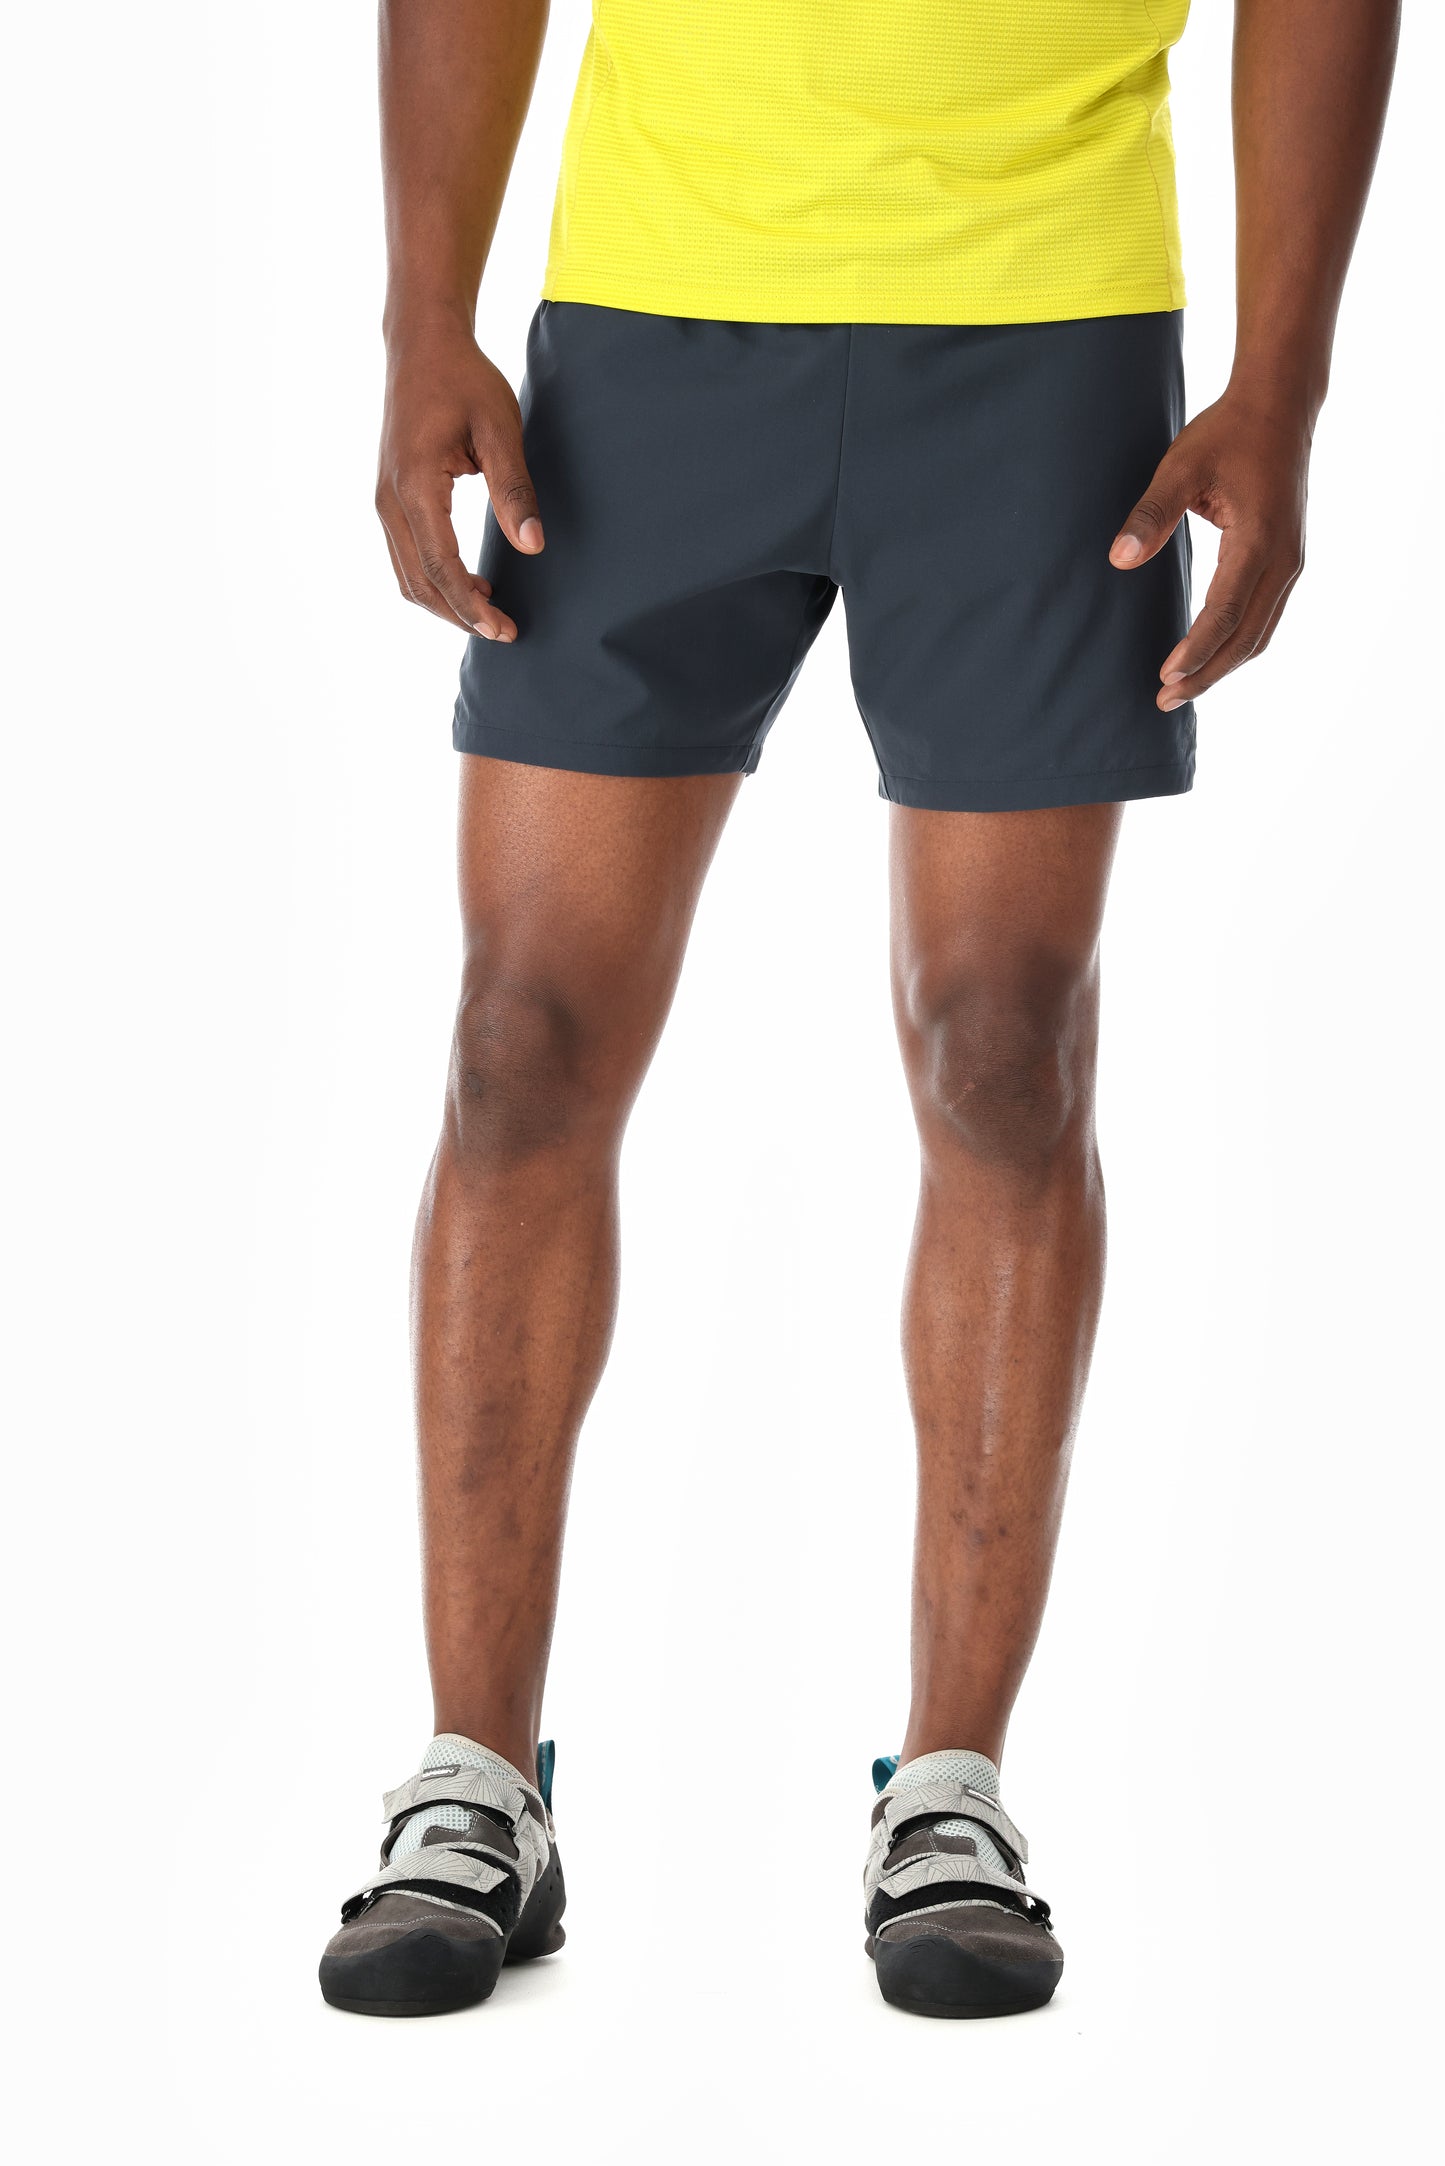 Rab / Talus Active Shorts
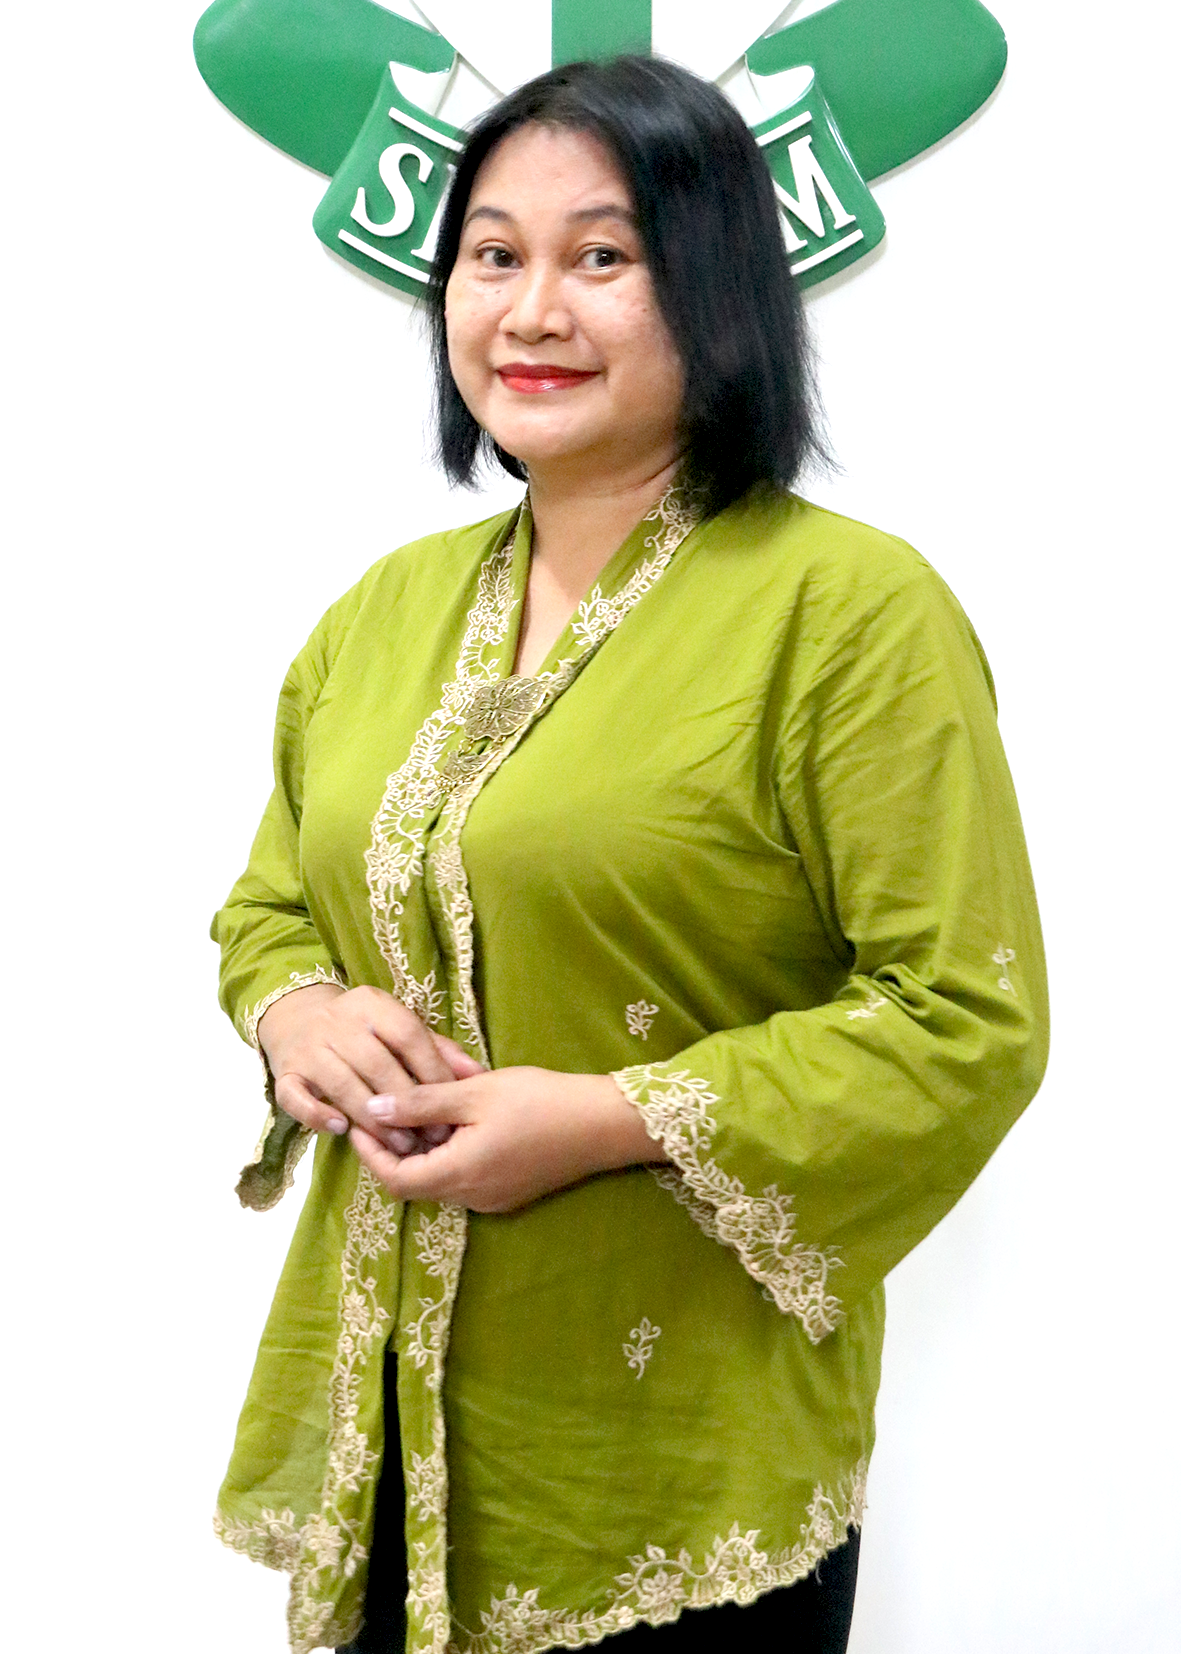 Maria Catur Setyanti, M.P.d
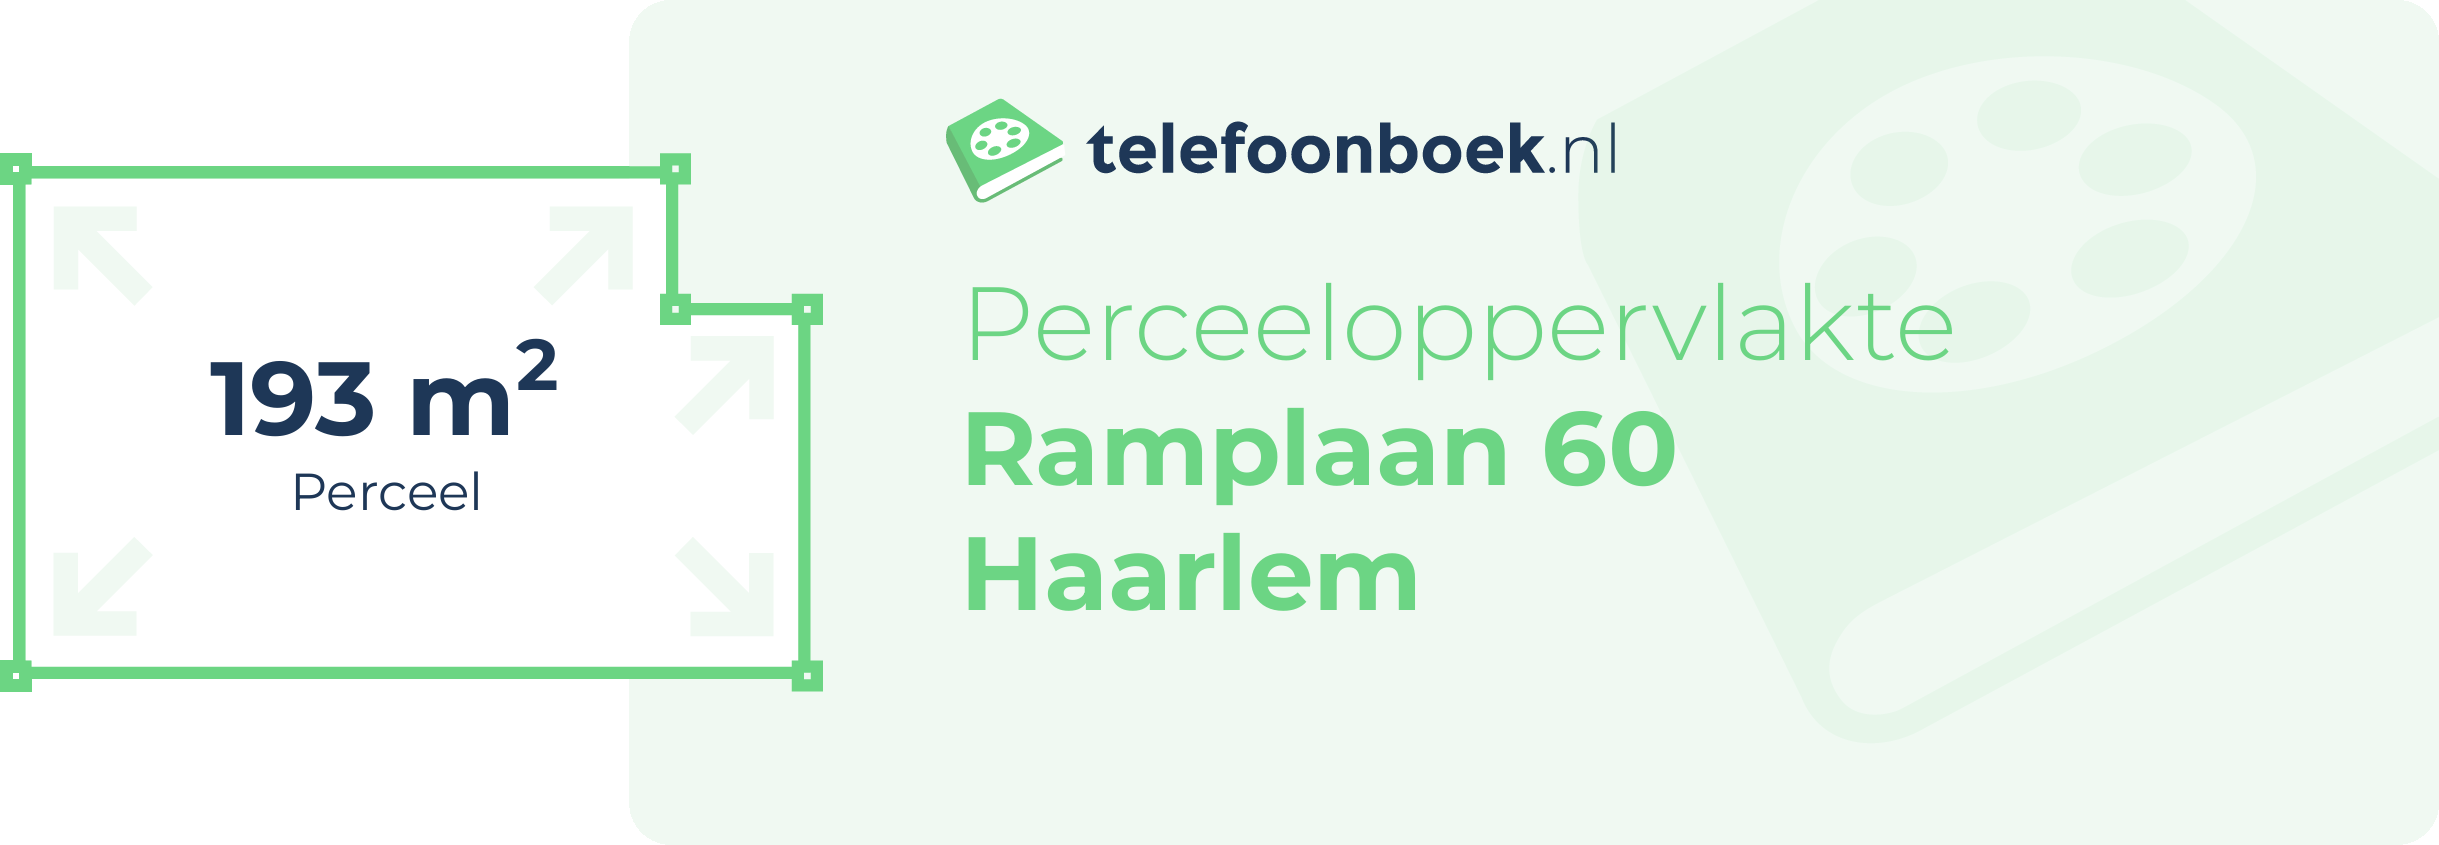 Perceeloppervlakte Ramplaan 60 Haarlem
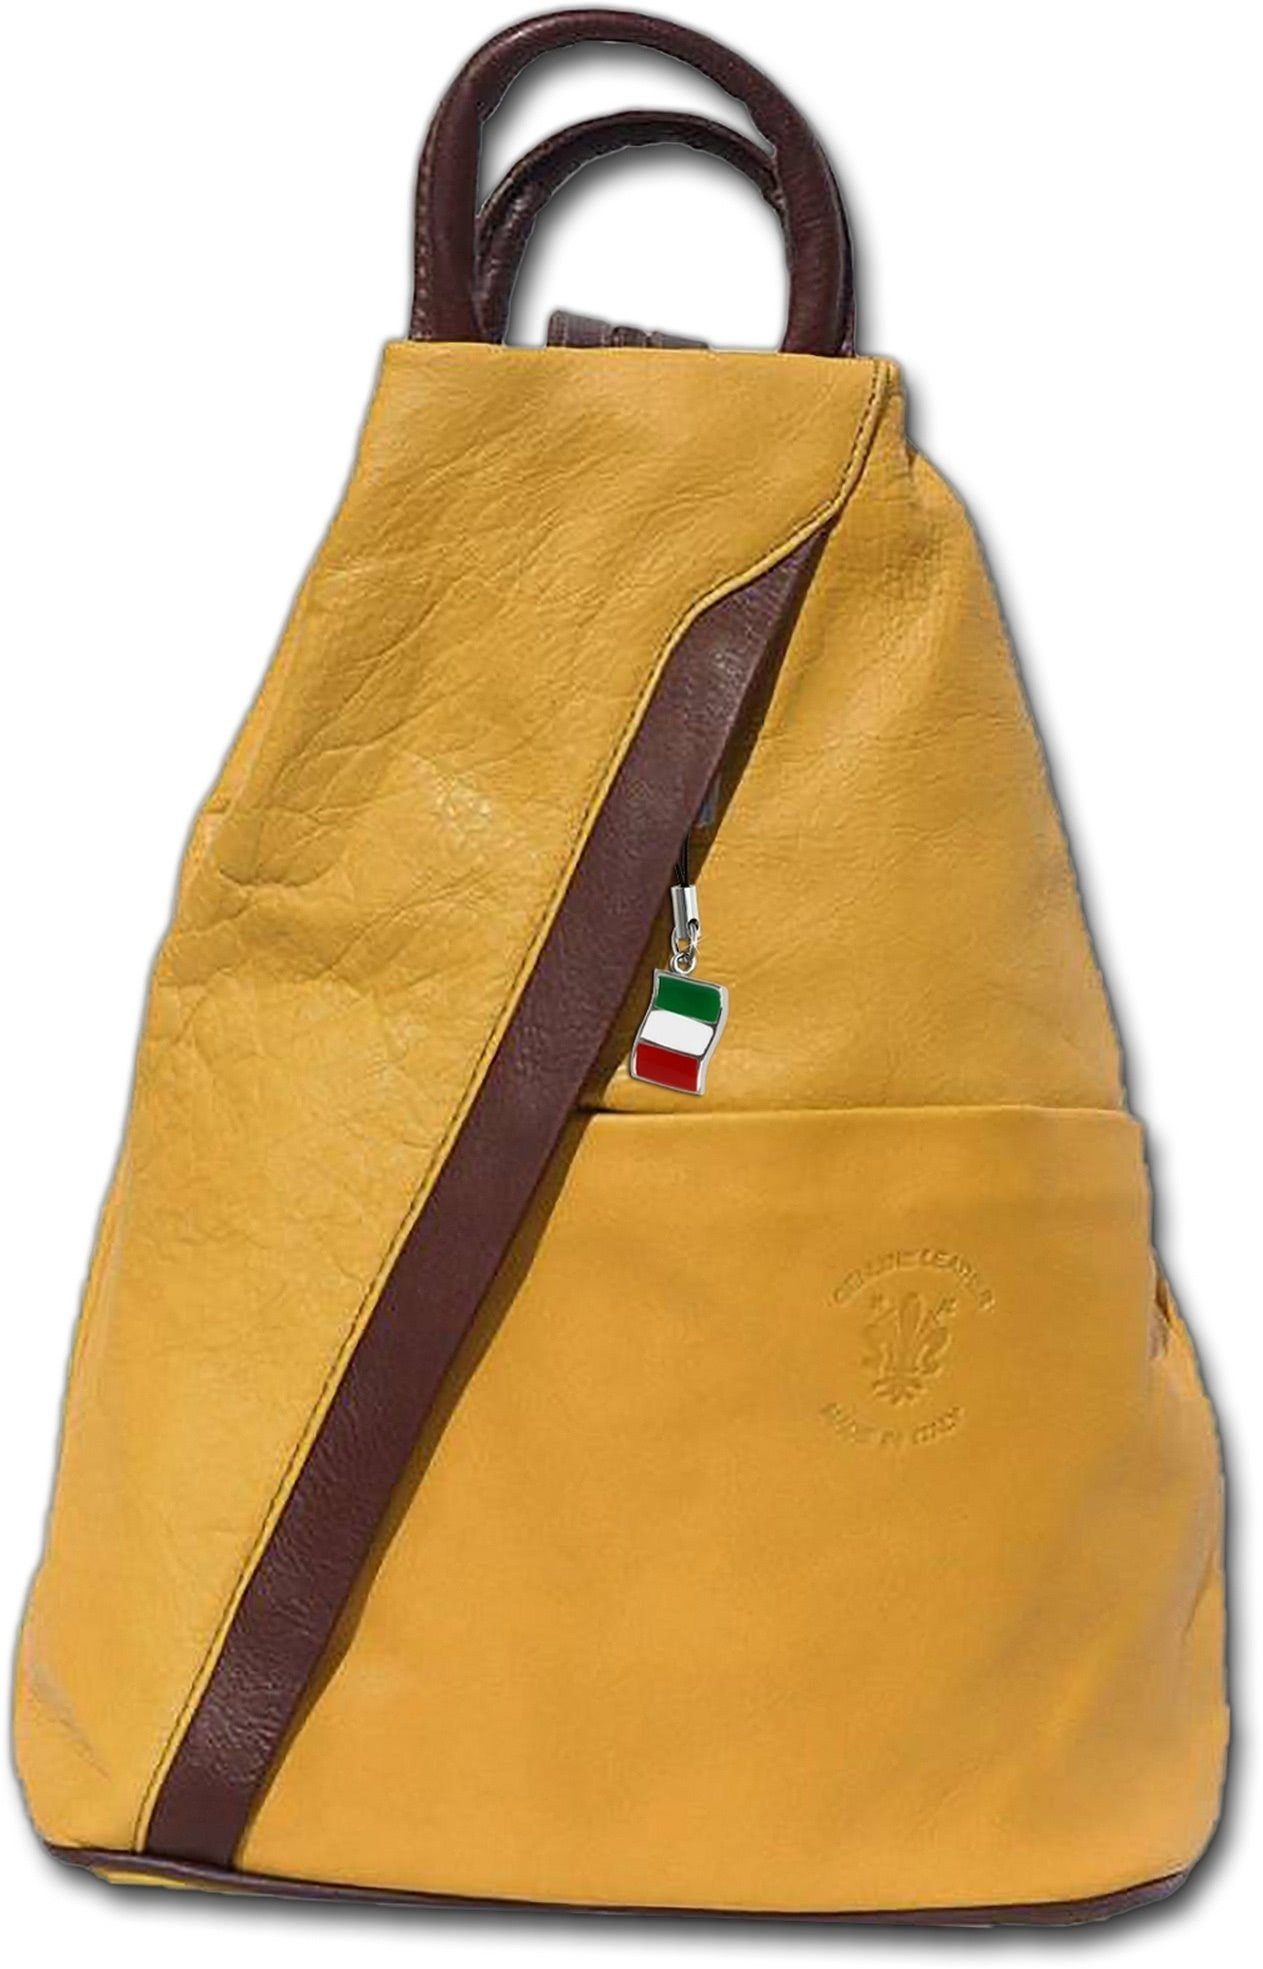 FLORENCE Cityrucksack Florence Damen Tasche Echtleder gelb  (Schultertasche), Damen Rucksack Echtleder gelb, braun, Made-In Italy

### What needs to be done
Only the lines from the one holding "Maria Catur Setyanti, M.P.d" through the end of the data are to be printed, exactly as they stand and with no pictures.

### Reply to the exercise
 Maria Catur Setyanti, M.P.d
 Perceeloppervlakte Ramplaan 60 Haarlem
 FLORENCE Cityrucksack Florence Damen Tasche Echtleder gelb  (Schultertasche), Damen Rucksack Echtleder gelb, braun, Made-In Italy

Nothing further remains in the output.